PP05-40: Patient Experience Data in the Treatment Resistant Depression Esketamine NDA: Patient-Reported Outcomes and Patient Preferences
Associate Director, Patient Reported Outcomes
Janssen Research & Development United States
To understand the patient experience (PE) with esketamine for treatment-resistant major depressive disorder, Janssen proactively included several methods for capturing PE data, including patient reported outcomes (PROs) and patient preferences.
PE data collected in the esketamine phase 3 clinical trials included (1) PROs that aligned with concepts of importance to TRD patients and (2) a patient preference survey utilizing a discrete choice experiment to quantify the value TRD patients place on treatment related benefits and risks.

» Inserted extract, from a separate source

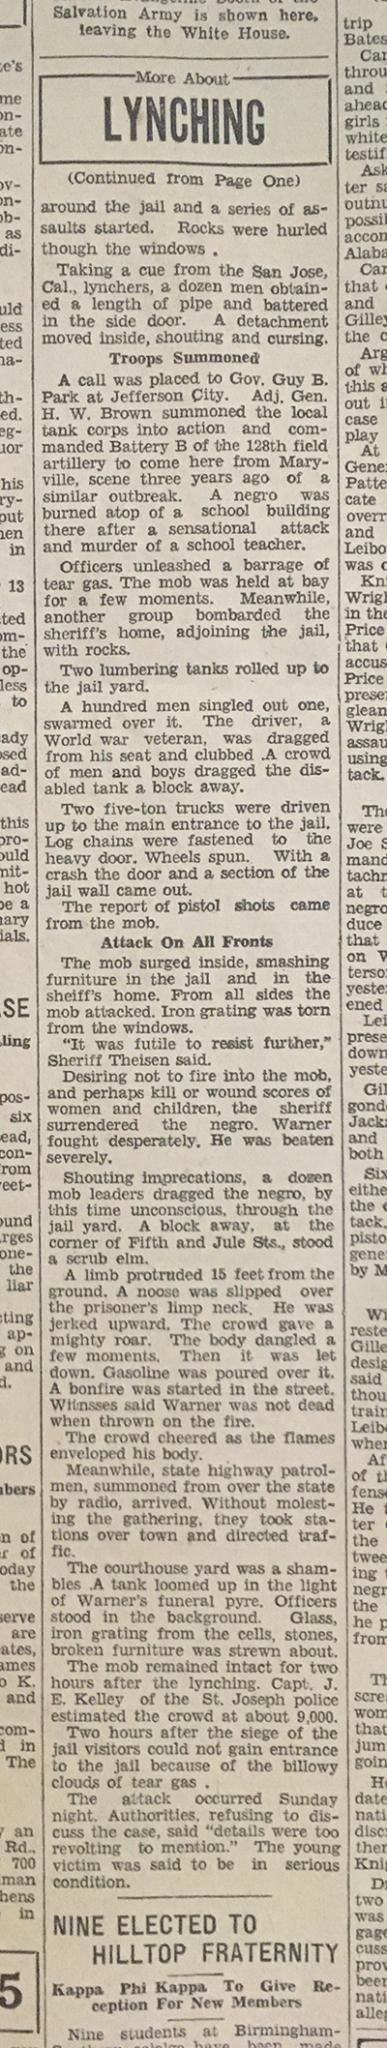 lloyd-warner-lynching-6

PE data were an integral component of the protocol, study reports and other regulatory documents in the esketamine NDA. PRO data provided information on self-reported symptoms of depression, functioning and associated disability, anxiety and health related QOL. Results from these PRO assessments, including the key secondary endpoints of Sheehan Disability Scale and the 9-item Patient Health Questionnaire, were suggestive of supporting the primary efficacy endpoint, change in the Montgomery-Asberg Depression Rating Scale total score from baseline to day 28, and the benefits of esketamine from the patient’s perspective as to how they feel and function. The patient preference study quantified the importance TRD patients (n=406) place on benefits and harms associated with treatment, and the maximum acceptable risk that patients were willing to accept for a given benefit. Mood improvement and reduced chance of cognitive and memory problems were the most valued treatment attributes. Short-term post-dose adverse events and logistical issues associated with treatment were of low importance, including among patients with esketamine experience. TRD patients were willing to accept 3% to 5% risk of long-term hypothesized bladder or cognitive-impairment, risks previously reported as associated with ketamine abuse, in exchange for improvement in depression symptoms from severe to moderate. Data were included in the registration package and FDA advisory committee meeting presentation, providing quantitative data on patient perspective of efficacy and risk tolerance. The patient preference study was part of an NDA Advisory Committee Meeting Sponsor Presentation and influenced the B-R voting process. Additionally, the FDA’s review of the esketamine NDA documented the use of (1) PRO data to support findings from other clinical trial endpoints and (2) patient preference data to support patient acceptance of the B-R profile. The FDA perspective on the PRO data was published in the NEJM
As part of the FDA’s Patient Focused Drug Development (PFDD) initiative, Patient Experience data is a key focus for drug development programs. The 21st Century Cures Act requires the FDA to publicly report the type of PE data reviewed to inform regulatory decision making for a new drug application (NDA).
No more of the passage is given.